# Vectors

Now that we have a solid grasp on how R actually interprets code, how to assign values to variables, and some of the main types of data in R, we can now turn to the fundamental building block of R: vectors. And in this reading, we'll learn about how we can use vectors to manage data on things like age, height, eye color, GDP per capita, and war initiation. By the end of this tutorial, you'll know how to create vectors, how to subset them, how to modify them, and how to summarize them.

## Why Do We Need Vectors? 

It is rarely the case in science that we work with singular values (e.g. the number `7`, or a person's name `"Jill"`). Most of the time, we're working with lots of similar observations from different entities, such as the ages of everyone who responded to a survey, or the GDP of all the countries in the world.

To accommodate this need, one of the objects you'll use most in R is a vector. A vector is a **collection** of values, all of the same data type (e.g. we might have a `numeric` vector full of the ages of all survey respondents, or a `character` vector full of the names of countries). 

In fact... OK, it's time to come clean: you've been working with vectors this whole time! Vectors are *so* fundamental to R that **all data in R is stored as vectors.** Even something simple like the number 7, in R, is actually stored as a numeric vector of length 1:

In [10]:
a <- 7
length(a)

## Creating vectors

In our previous exercises, you learned how to create vectors with a single entry using the assignment operator. But often times we want vectors with more than one entry (otherwise, why have vectors?). There are a number of ways to create vectors in R, but the most fundamental is with the `c()` function ("c", I think?, is short for concatenate):

In [2]:
# Numeric vectors 
a_numeric_vector <- c(20, 25, 60, 55)
a_numeric_vector


In [3]:
# Character vectors
a_character_vector <- c("Red", "Green", "Purple")
a_character_vector


In [5]:
# Logical vectors
a_logical_vector <- c(TRUE, FALSE, TRUE) 

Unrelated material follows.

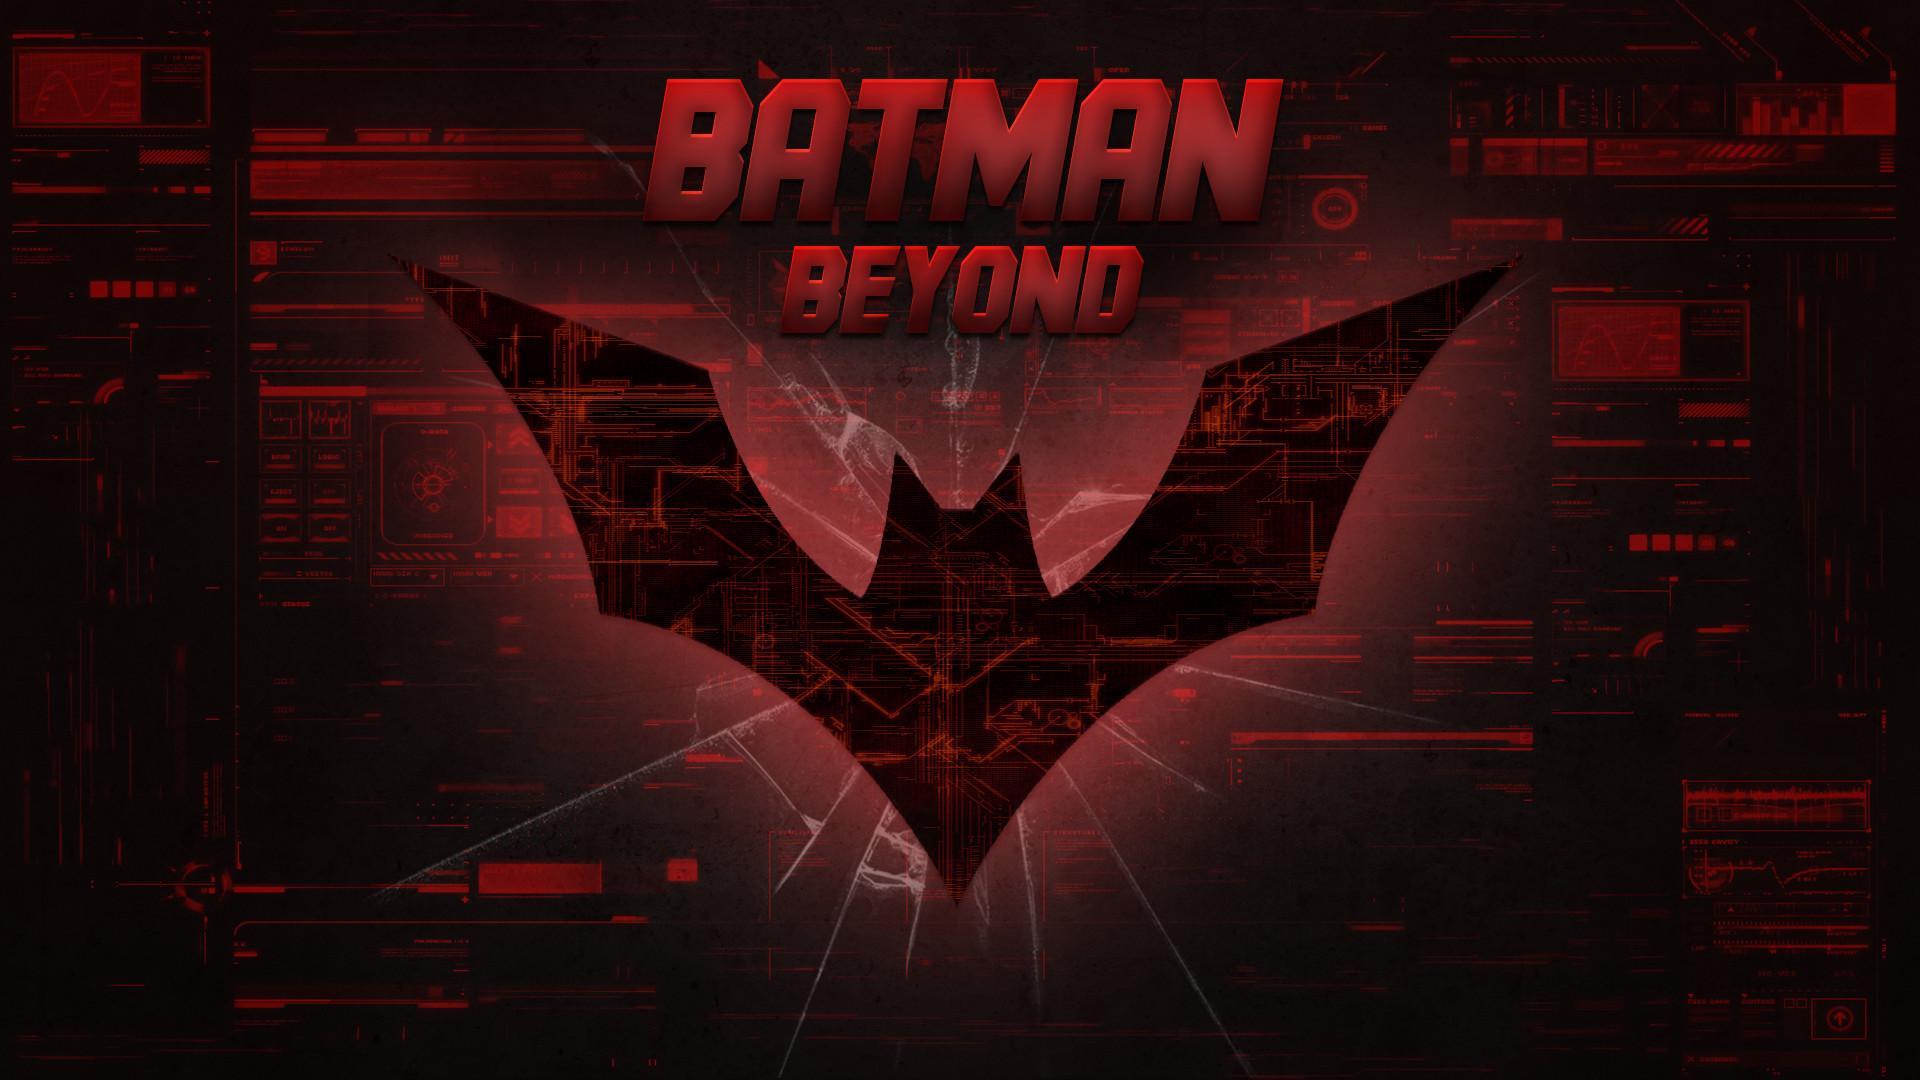 … Batman Beyond Logo Wallpaper HD by RevafallArts

`c()` doesn't just work with values you write by hand, though -- you can also use `c()` with variables to combine longer vectors:

In [12]:
a <- c(1, 2, 3)
b <- c(4, 5, 6)
c <- c(a, b)
c

There are also a lot of other convenience functions for creating commonly used vectors. For example, it's very common to want to get a vector of sequential numbers, so if you type `1:20` you get a vector of all of the counting numbers from 1 to 20:

In [17]:
1:20

And if you want a more unusual sequence, you can use `seq()`, which takes a starting point, and ending point, and a step size to create any sequence you may want. Here's all the even numbers from 2 to 20:

In [21]:
seq(2, 20, 2)

(This is the first time we've seen a function that takes multiple inputs (called **arguments**). They're just like the functions that only take one argument, just with different arguments separate by commas).

And if you want a vector of length `N` with the same value repeated over and over, you can use `rep()`:

In [22]:
# Create a vector with the value 42 
# repeated 10 times. 

rep(42, 10)

Vector Math
--------------------

One of the great things about vectors is that we can do all sorts of mathematical operations to vectors efficiently.

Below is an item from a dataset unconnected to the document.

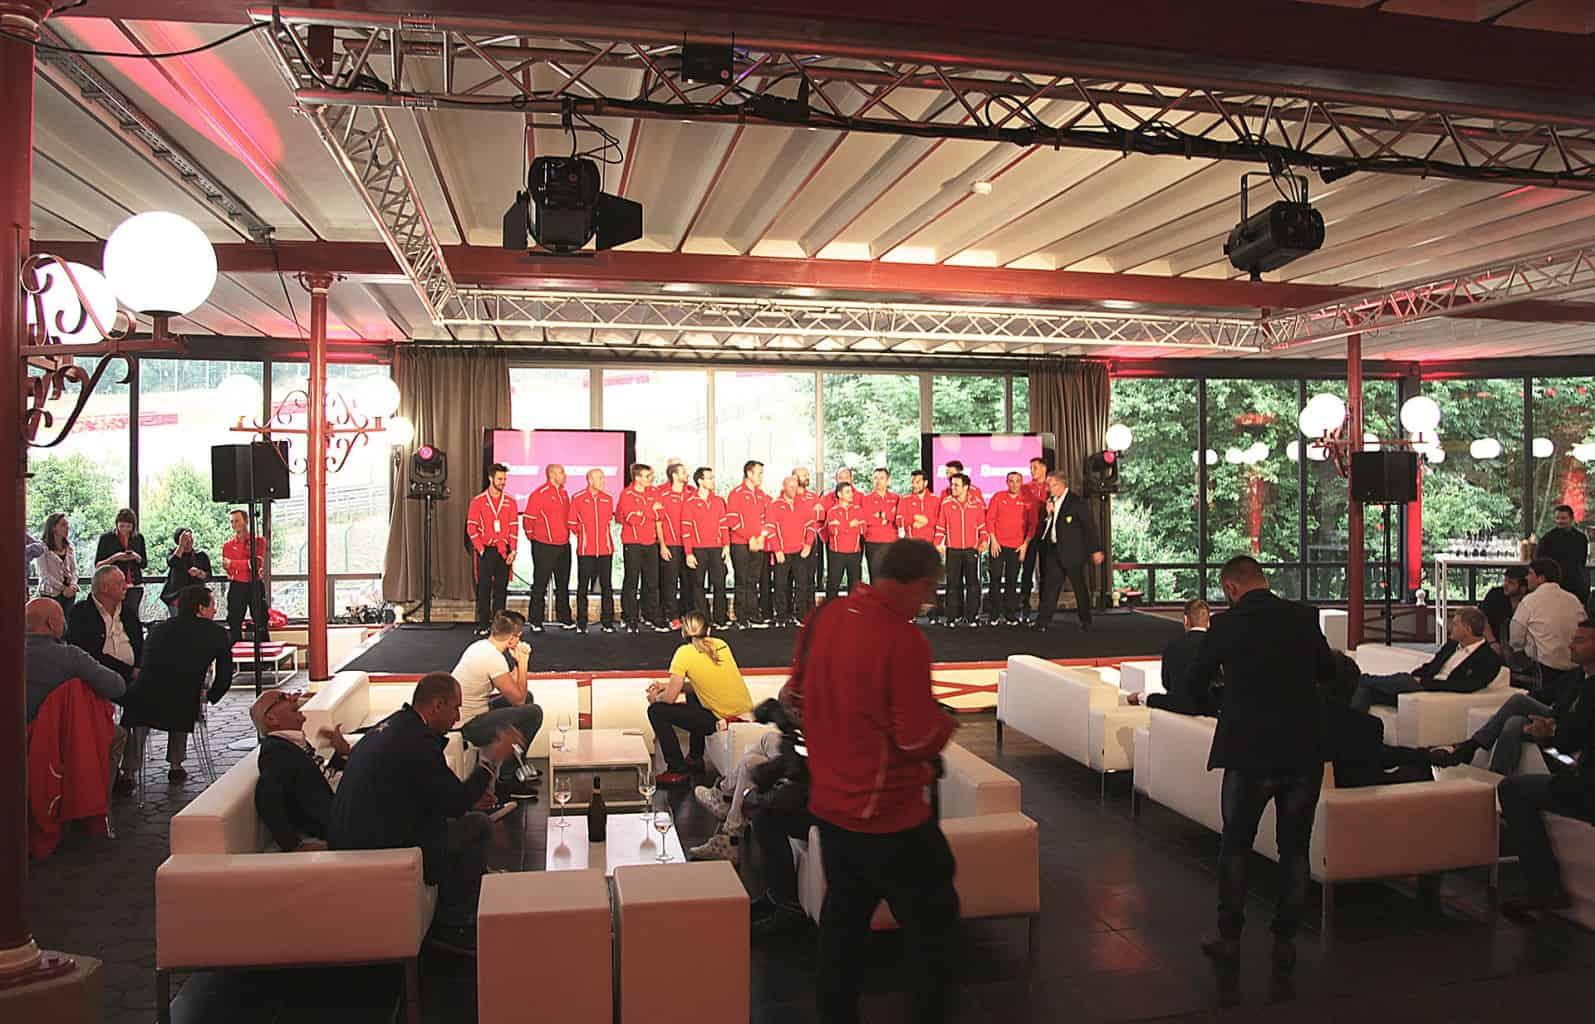 Xx programmes Ferrari organisés par So Event à l'Eau Rouge pour ses clients.

If you do math with two vectors, one of which has length one, you basically just get the operation applied to every entry!


In [30]:
# Here's what we'll start with
numbers <- 1:10
numbers


In [31]:
# You can modify all values in a vector 
# by doing math with a vector of length 1
numbers / 10

In [29]:
numbers + 10

And we can do the same trick with lots of math functions:

In [34]:
# Modify a vector using a function
sqrt(numbers) #square root


In [36]:
exp(numbers) #exponentiate

Or if you have two vectors of the same length, mathematical operations will occur "element-wise", meaning the mathematical operation will be applied to the two first entries, then the two second entries, etc. For example, if we were to add our vector of the values 1 through 10 to a vector with five 0s, then five 1s, R would do the following:

```
1    +     0    =    1  +  0    =    1 
2    +     0    =    2  +  0    =    2 
3    +     0    =    3  +  0    =    3 
4    +     0    =    4  +  0    =    4 
5    +     0    =    5  +  0    =    5 
6    +     1    =    6  +  1    =    7 
7    +     1    =    7  +  1    =    8 
8    +     1    =    8  +  1    =    9 
9    +     1    =    9  +  1    =    10 
10   +     1    =    10 +  1    =    11
```

In [40]:
# Two vectors with the same number of elements 
numbers2 <- c(0, 0, 0, 0, 0, 1, 1, 1, 1, 1)
numbers3 <- numbers2 + numbers
numbers3


Vector arithmetics can also be carried out in R on two multi-value vectors with different lengths using the [recycling rule](http://www.r-tutor.com/r-introduction/vector/vector-arithmetics), but... that's a thing you probably don't want to do anyway. That's a *weird* behavior! :)

## Summarizing vectors 

We often want to get summary statistics from a vector --- that is,
learn something general about it by looking beyond its constituent
elements. If we have a vector in which each element represents a
person's height, for example, we may want to know who the shortest or tallest
person is, what the median or mean height is, what the standard deviation is. 

So for example, we can use `summary(numbers)` to get a lot of summary stats at once:

In [42]:
summary(numbers)

   Min. 1st Qu.  Median    Mean 3rd Qu.    Max. 
      1     250     499     499     748     997 

Or we can use any one of a handful of other helper functions!

```R
class(numbers) #check the class
length(numbers) #number of elements 
max(numbers) #maximum value
min(numbers) #minimum value
sum(numbers) #sum of all values in the vector
mean(numbers) #mean
median(numbers) #median
var(numbers) #variance
sd(numbers) #standard deviation
quantile(numbers) #percentiles in intervals of .25 
quantile(numbers, probs = seq(0, 1, 0.1)) #percentiles in invervals of 0.1
```

**Don't** worry about memorizing these or anything -- basically, you just need to have a sense of the kinds of things you can do with functions, and if you ever need one can can't remember the name of the function, you can google it to get the specific function name. 

## Subsetting Vectors

Now we come to one of the most important manipulations you'll need to know how to do with vectors: subsetting! 

Extracting a subset of elements from a vector is an extremely important task, not least because it generalizes nicely to datasets (which are at the heart of data science). This process --- whether applied to a vector or a dataset --- is often referred to as "taking a subset", "subsetting", or "filtering". If there is one skill you need to master as quickly as possible, it's this.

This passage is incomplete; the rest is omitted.